CARLO CARCANI

O esquema do Brasil

Carlo Carcani
18/06/2013 às 22:57.
Atualizado em 25/04/2022 às 18:58

Escolha um país desenvolvido, que seja produtivo e ofereça serviços públicos de qualidade a sua população. Que invista em educação, saúde e segurança. Que seja um bom lugar para se viver não apenas porque é relativamente bem governado, mas também porque tem habitantes que se respeitam em pequenas atitudes do dia a dia. Pense um país que tenha algumas dessas características e você encontrará um país com esporte forte. Com ídolos, com boas quadras, piscinas, pistas, ginásios e estádios. Não apenas para as grandes estrelas, mas também para crianças e jovens.

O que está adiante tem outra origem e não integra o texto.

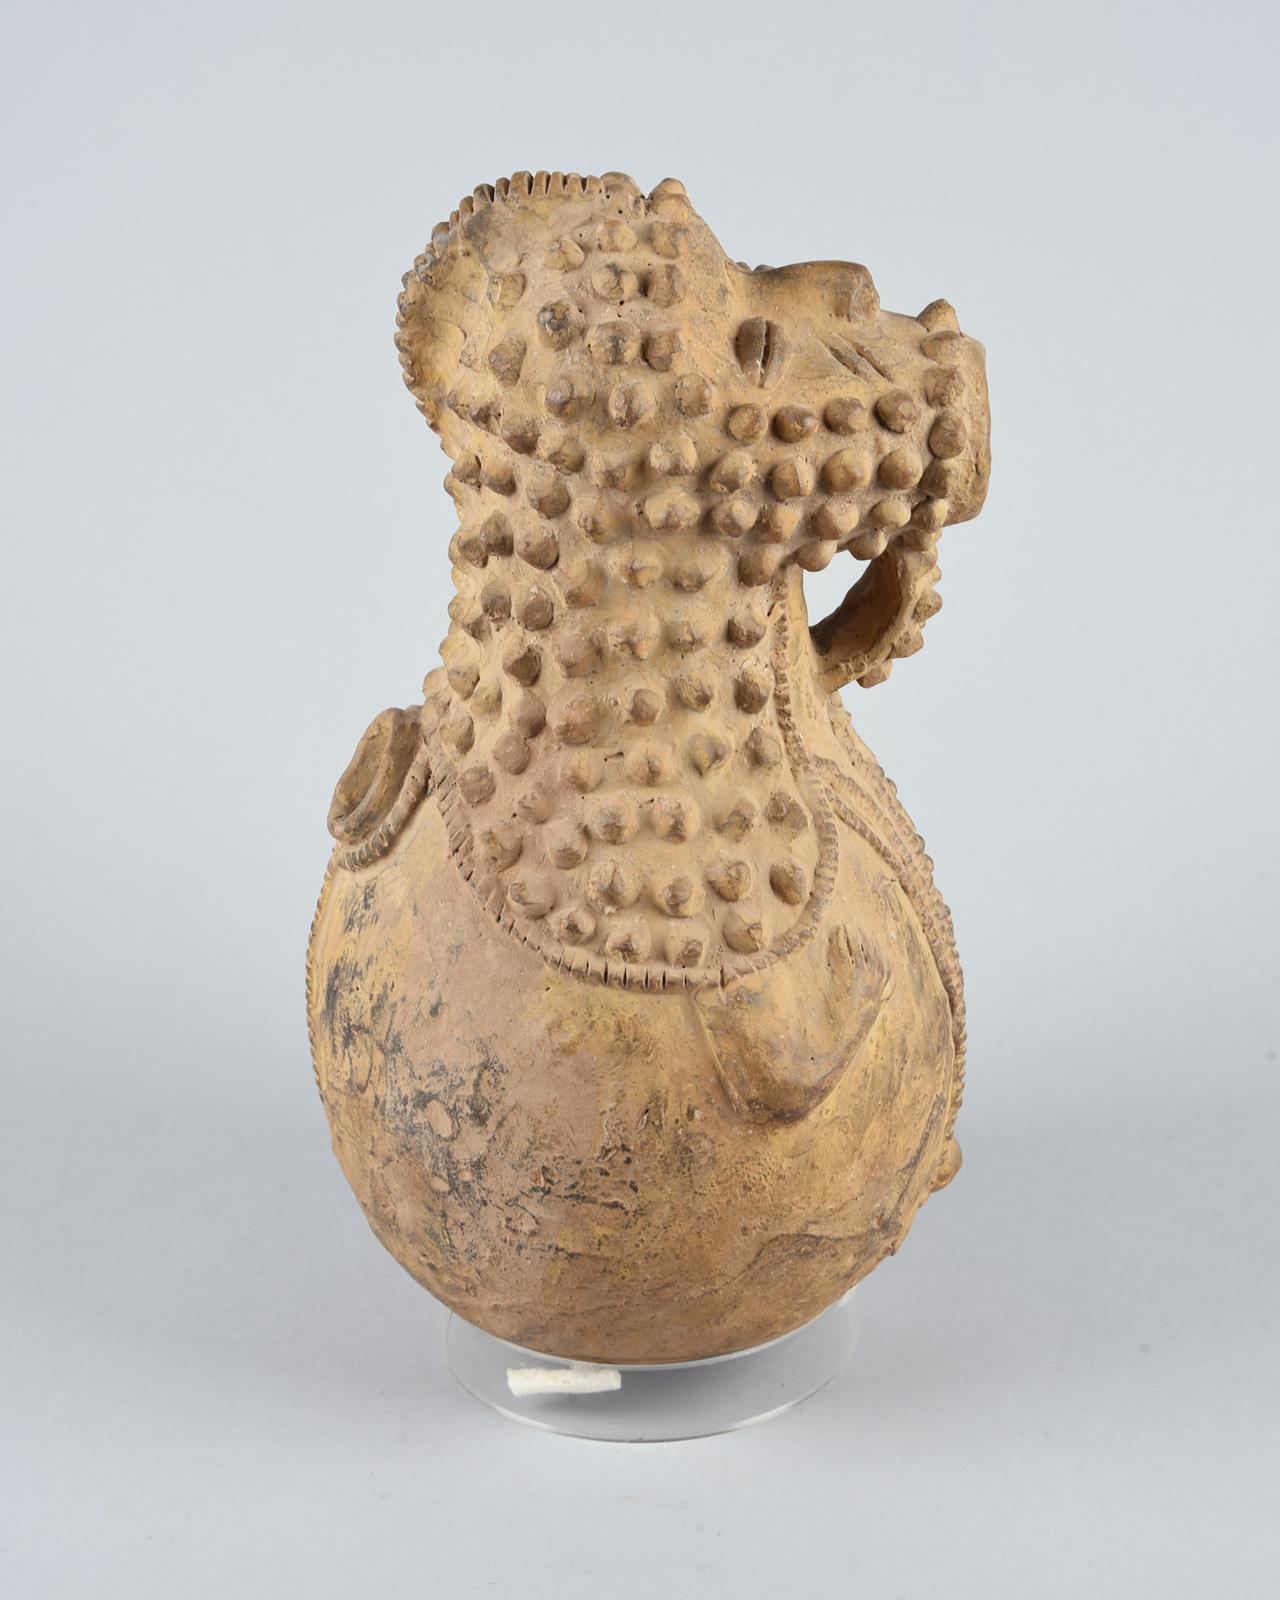 A Ganda spirit vessel Nigeria pottery, of bulbous form with relief decoration and a pair of arms, - Image 4 of 4

A Copa do Mundo é o evento esportivo mais importante do planeta. Emociona e envolve um número incontável de pessoas, de todas as idades, credos e costumes. Organizar uma Copa não é problema. Problema, no nosso caso, é o esquema do Brasil.

A Copa de 2014 poderia ser a "melhor de todos os tempos", como pregam nossos governantes, se fosse realizada no máximo em oito estádios. Mas escolhemos 12, para atender interesses políticos e gastar mais. E não investimos em infraestrutura. Perdemos a chance. E venceu o esquema do Brasil.

Construímos arenas caríssimas onde não há futebol. Caríssimas porque as obras foram superfaturadas, dentro do que prevê o nosso velho esquema. Consumiram dinheiro público de forma irresponsável e não terão utilidade após a Copa.

A reforma do Mané Garrincha custou R$ 1,3 bilhão. Não fosse o Brasil um país de esquema e de impostos exorbitantes, teria saído pela metade desse valor. Valor que impressiona e revolta, mas que é ínfimo perto do que a sociedade perde ano após ano, com ou sem Copa.

O Governo Federal projeta que vai arrecadar com impostos em 2013 a quantia de R$ 2.175.147.426.383,83. Vamos ignorar os R$ 175 bilhões e ficar apenas com os R$ 2 trilhões. Como esse valor volta para a sociedade? Não volta. Quem depende de serviços públicos sofre.

Quem tem mais recursos paga uma quantia absurda de impostos e ainda tem que gastar em coisas que o Governo deveria oferecer com a fortuna que arrecada. Deveria, mas aqui, o esquema é outro. E isso não tem nada a ver com a Copa do Mundo. Tem a ver com o esquema Brasil, criado antes de Felipão nascer e aprimorado ano após ano. E tem gente que critica o Neymar.

Mas é muito bom que a Copa tenha servido para chamar a atenção de uma sociedade que sofre todos os dias com o uso indevido de quantias que poderiam levantar milhares de arenas. Quem sabe esse seja o primeiro passo para que um dia o esquema mude. Para que um dia os impostos sejam revertidos, de modo honesto e eficiente, à sociedade. Estamos bem longe disso, infelizmente. Por enquanto, é mais fácil o Taiti ser campeão da Copa das Confederações. O esquema Brasil é poderoso e conta com a divisão, o egoísmo, a complacência, a ganância e a ignorância de seus adversários para vencer sempre. Tomara que um dia mude.